## What is being asked
Your task is to repeat the entries exactly. Leave the pictures out.

## Task data
******

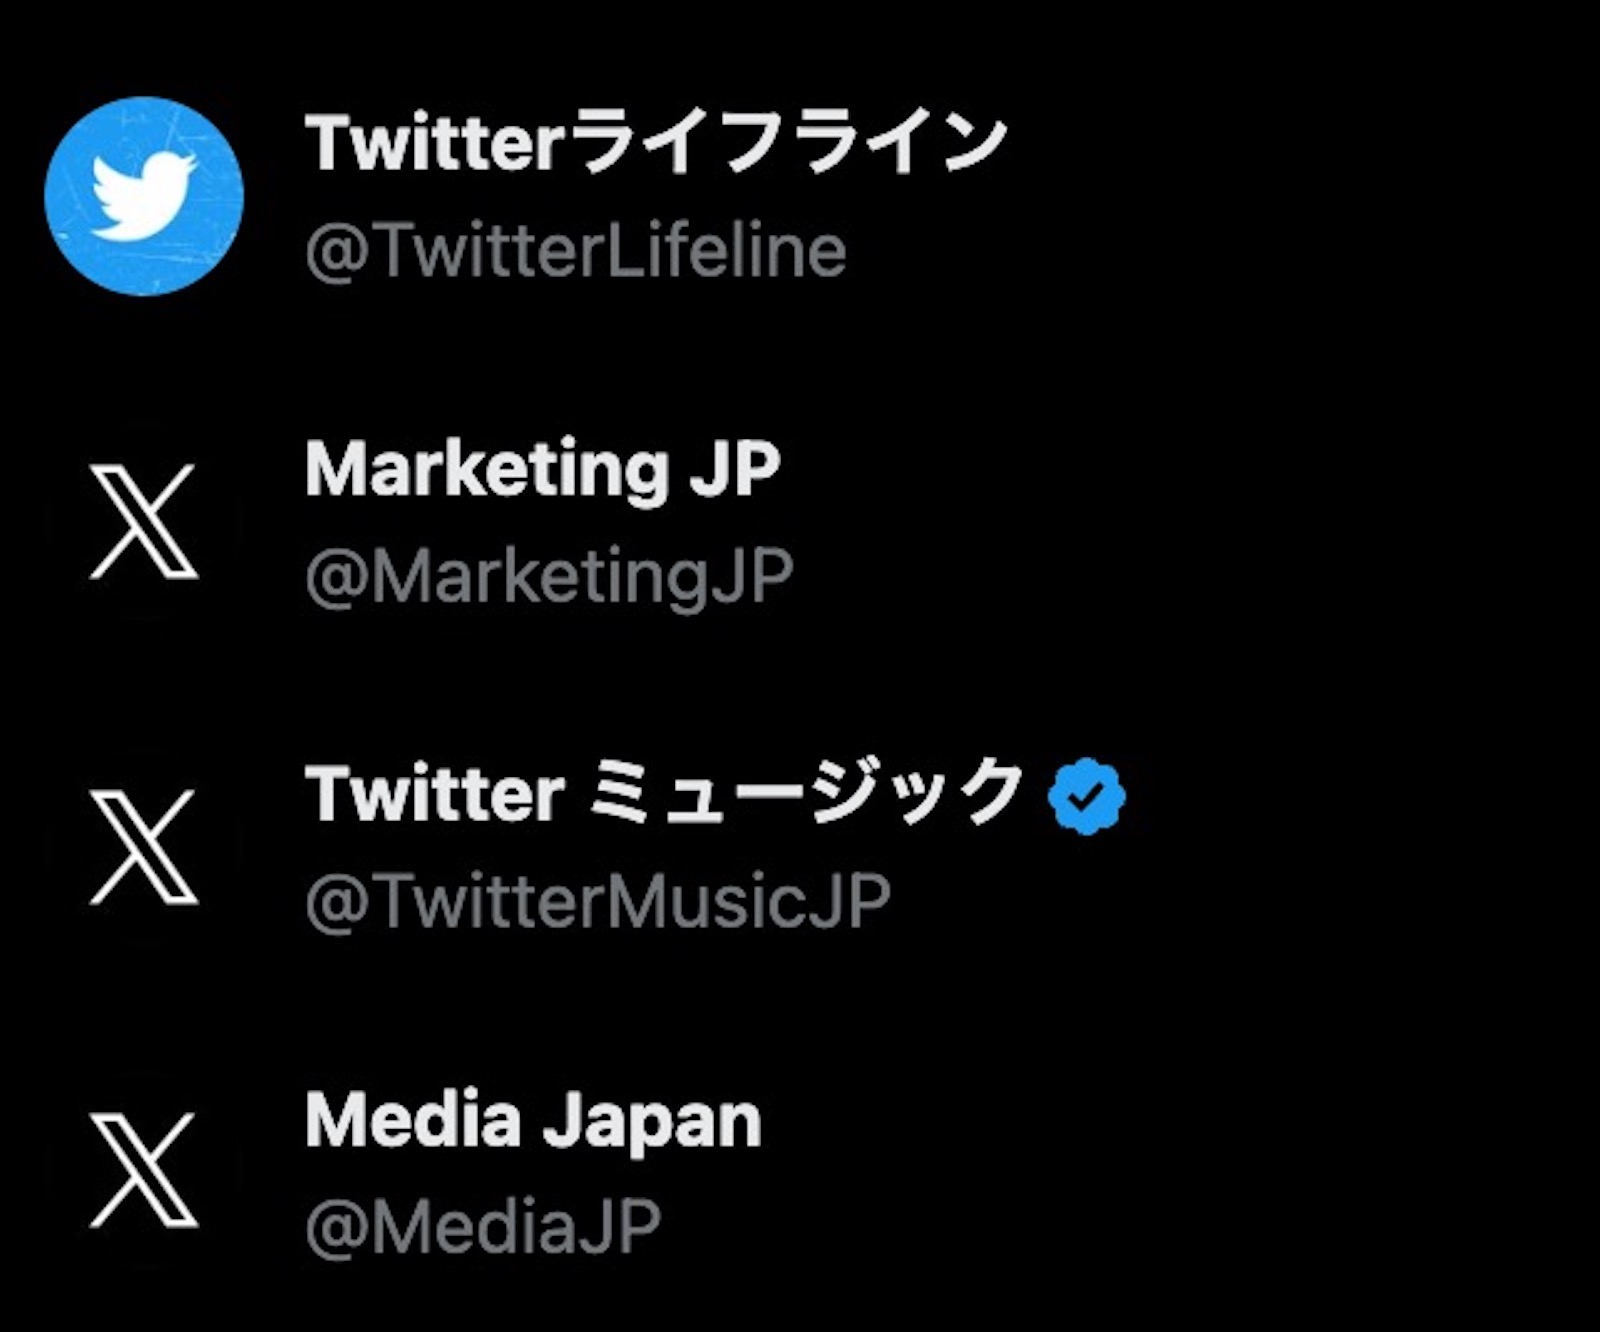 Twitter-Accounts.jpg
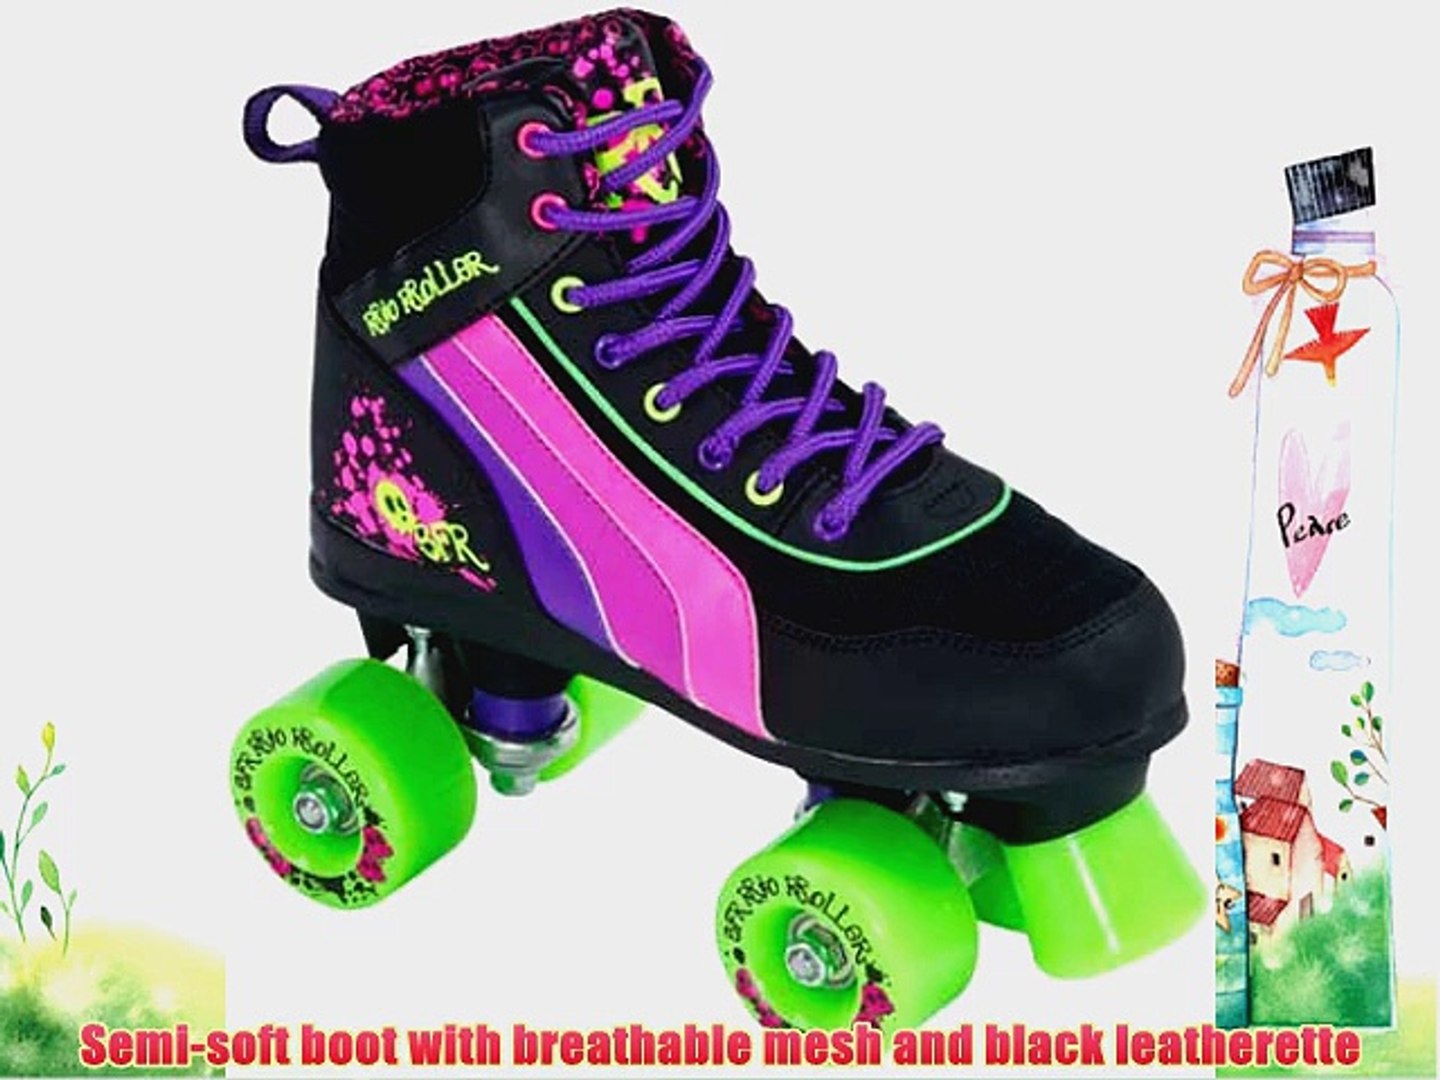 ⁣SFR Rio Roller Skull Quad Roller Skates - Black/Pink/Green - Size UK8
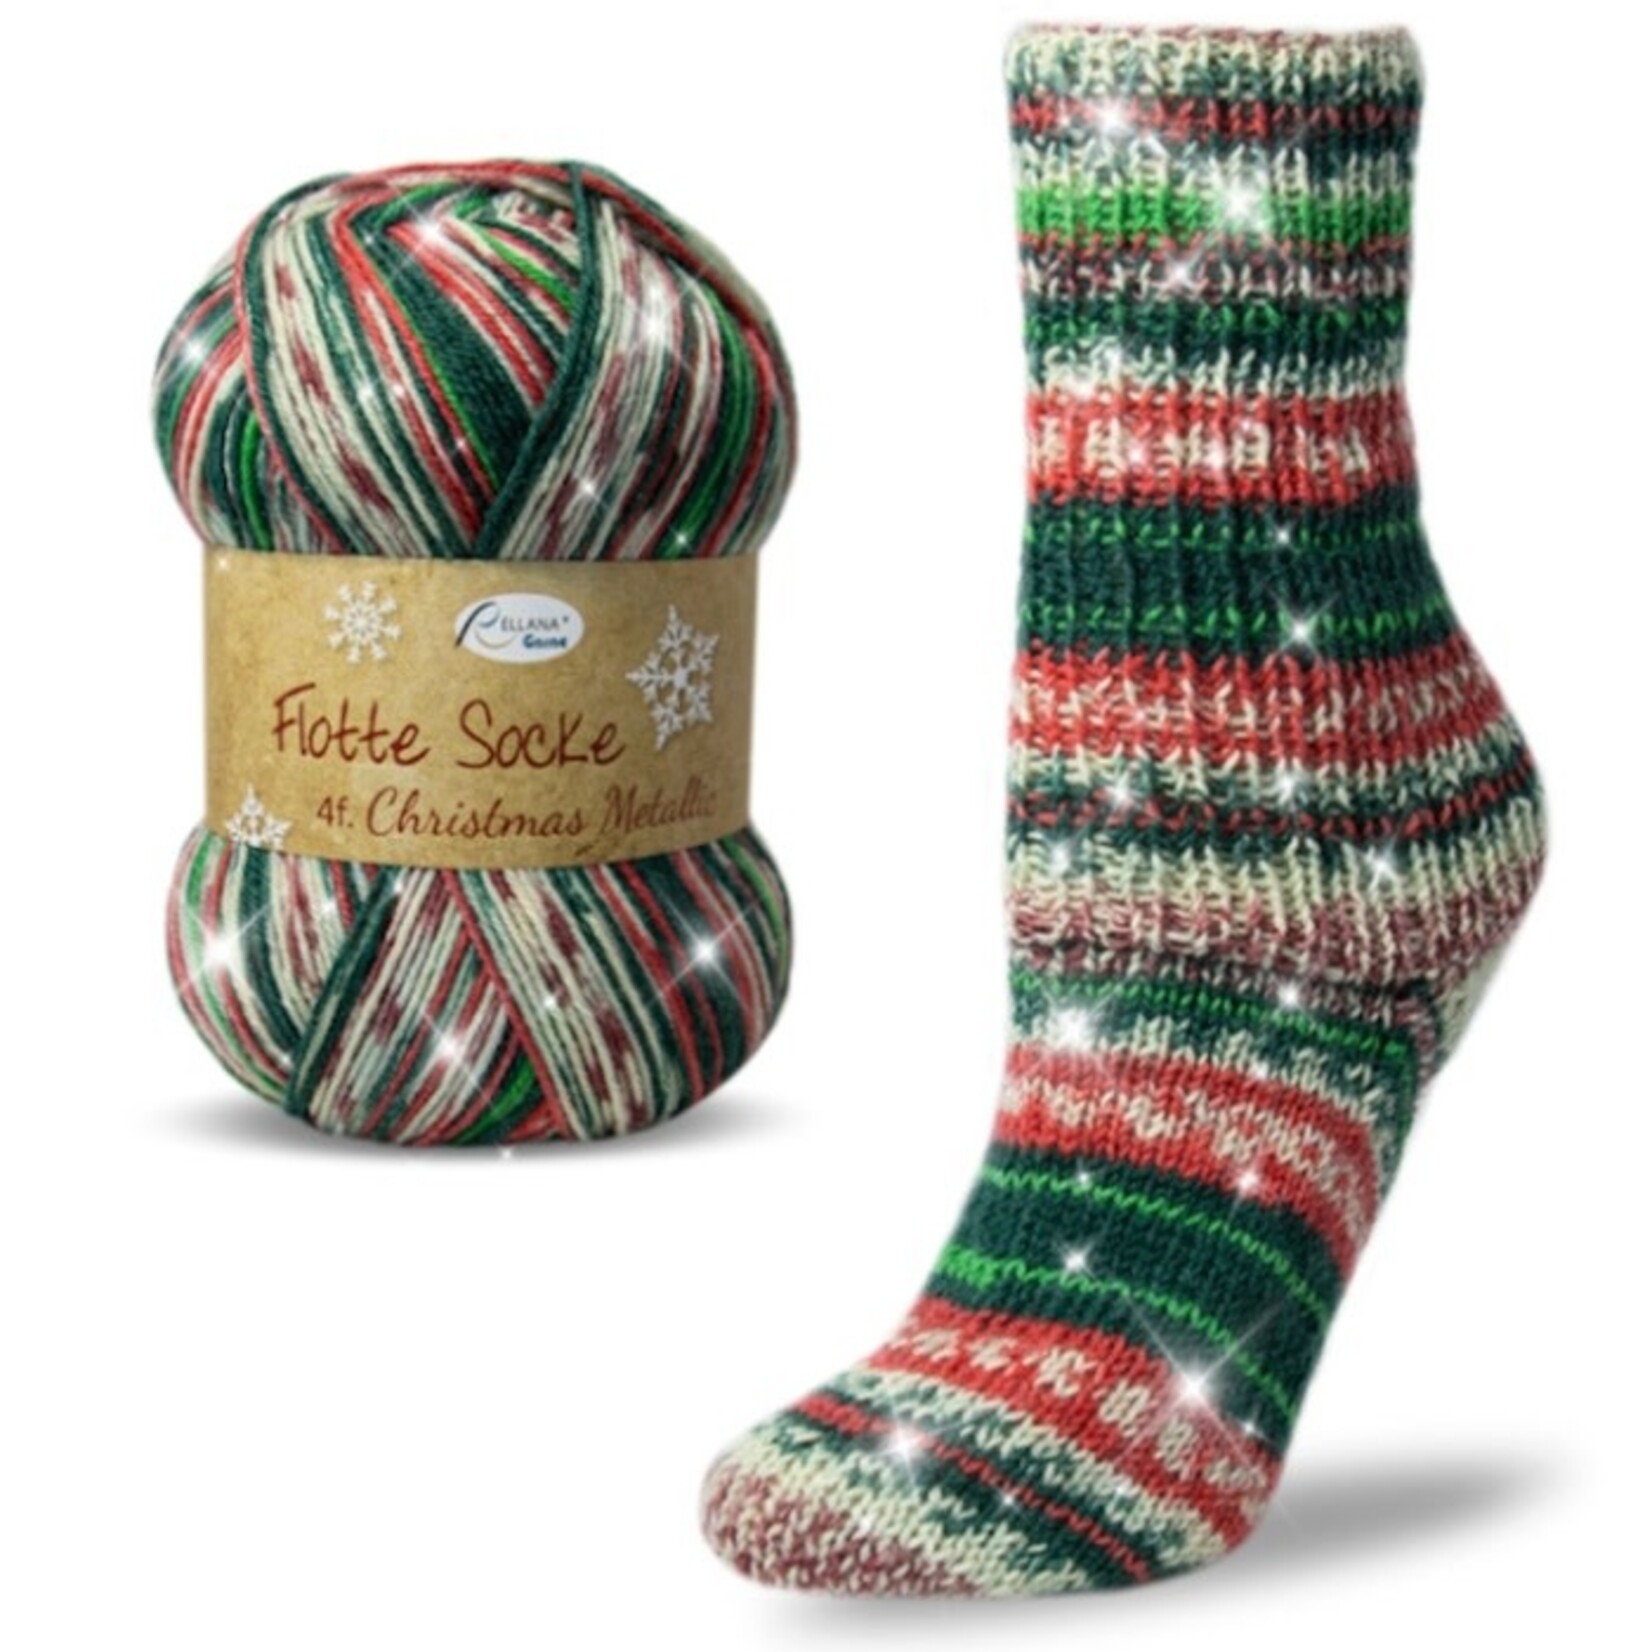 Rellana Flotte Socke Christmas (4 ply) by Rellana Garne
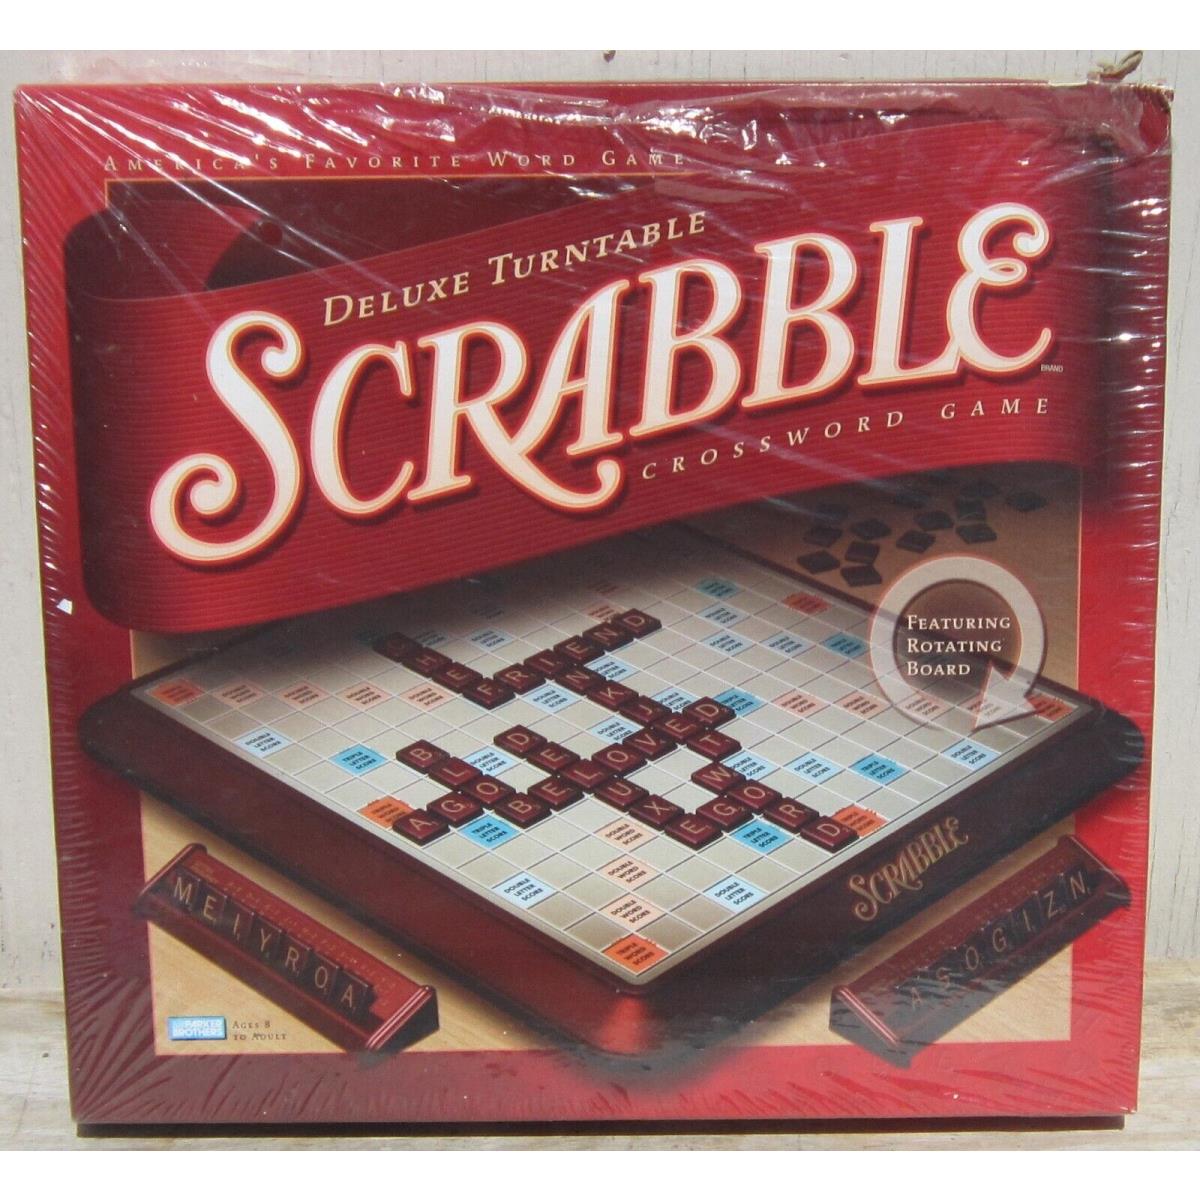 Deluxe Turntable Scrabble Crossword Game 2001 Hasbro W/damage
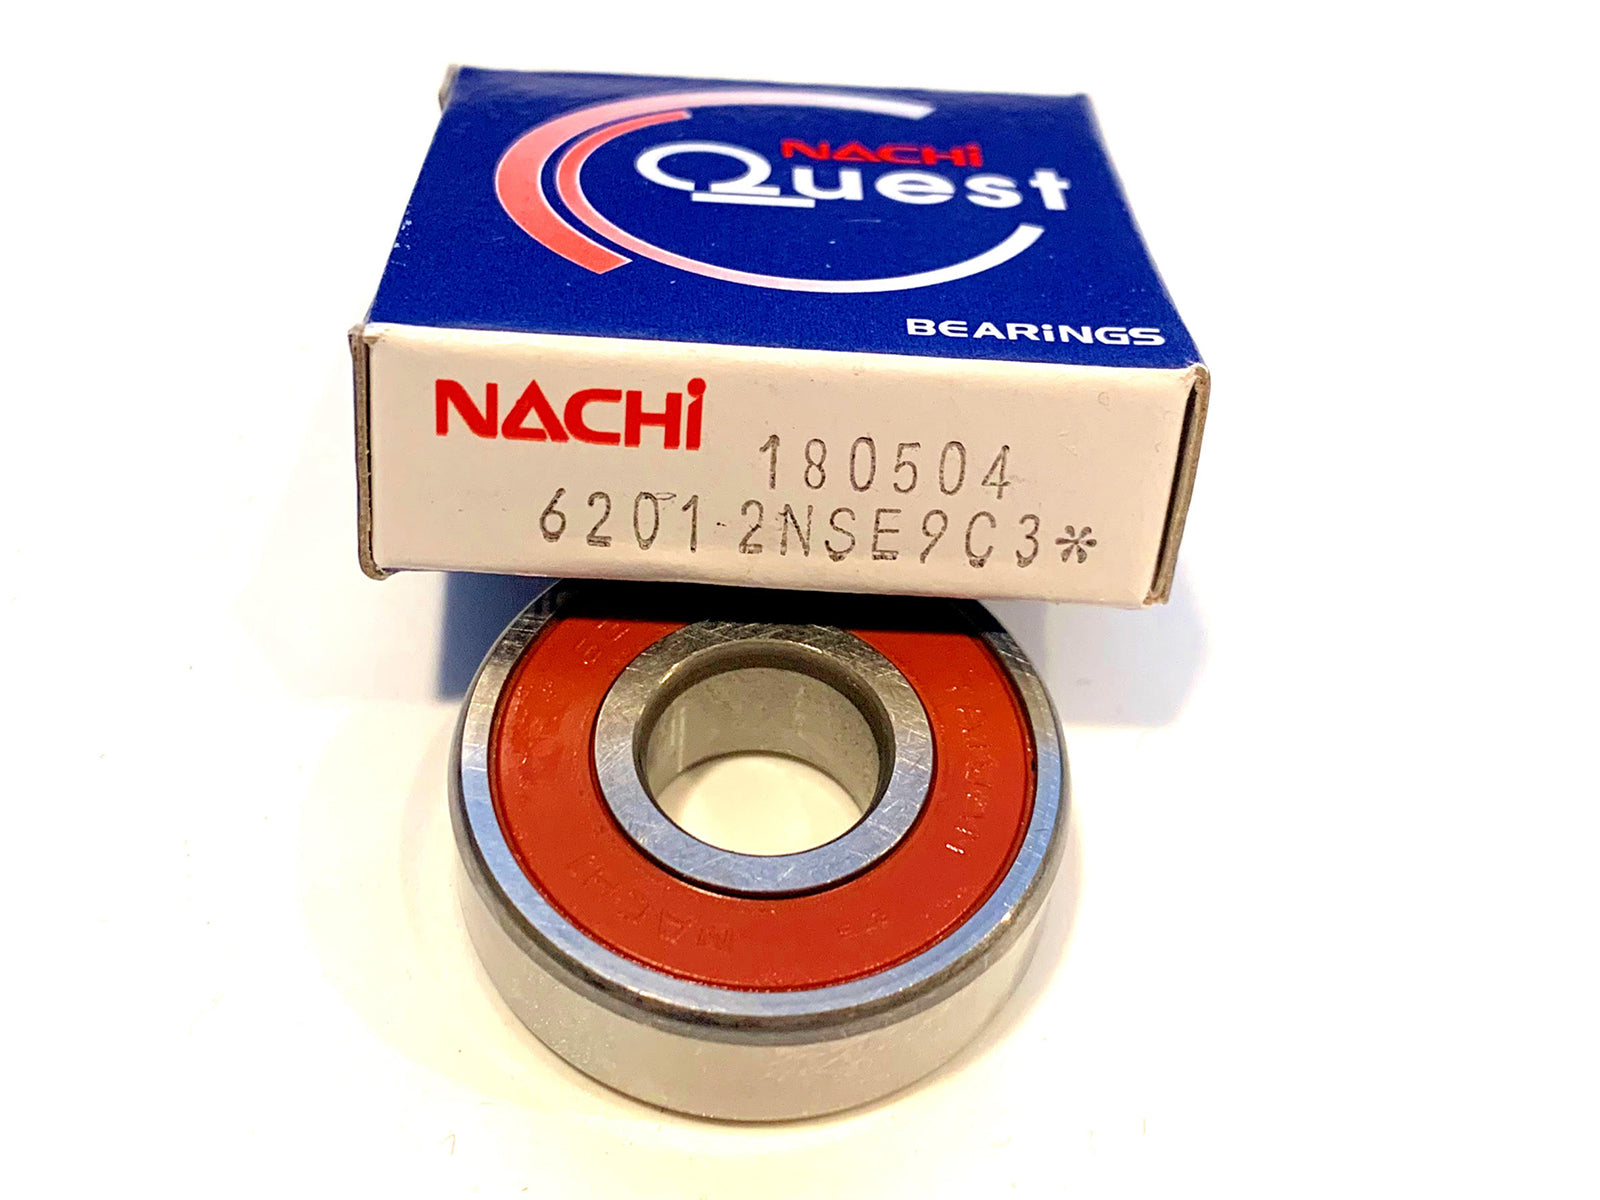 6201-2NSE9 C3 NACHI Ball Bearing - ppdistributors

******

## Response box
 Twitter-Accounts.jpg
 ⁣SFR Rio Roller Skull Quad Roller Skates - Black/Pink/Green - Size UK8
 Rellana Flotte Socke Christmas (4 ply) by Rellana Garne
 Deluxe Turntable Scrabble Crossword Game 2001 Hasbro W/damage
 6201-2NSE9 C3 NACHI Ball Bearing - ppdistributors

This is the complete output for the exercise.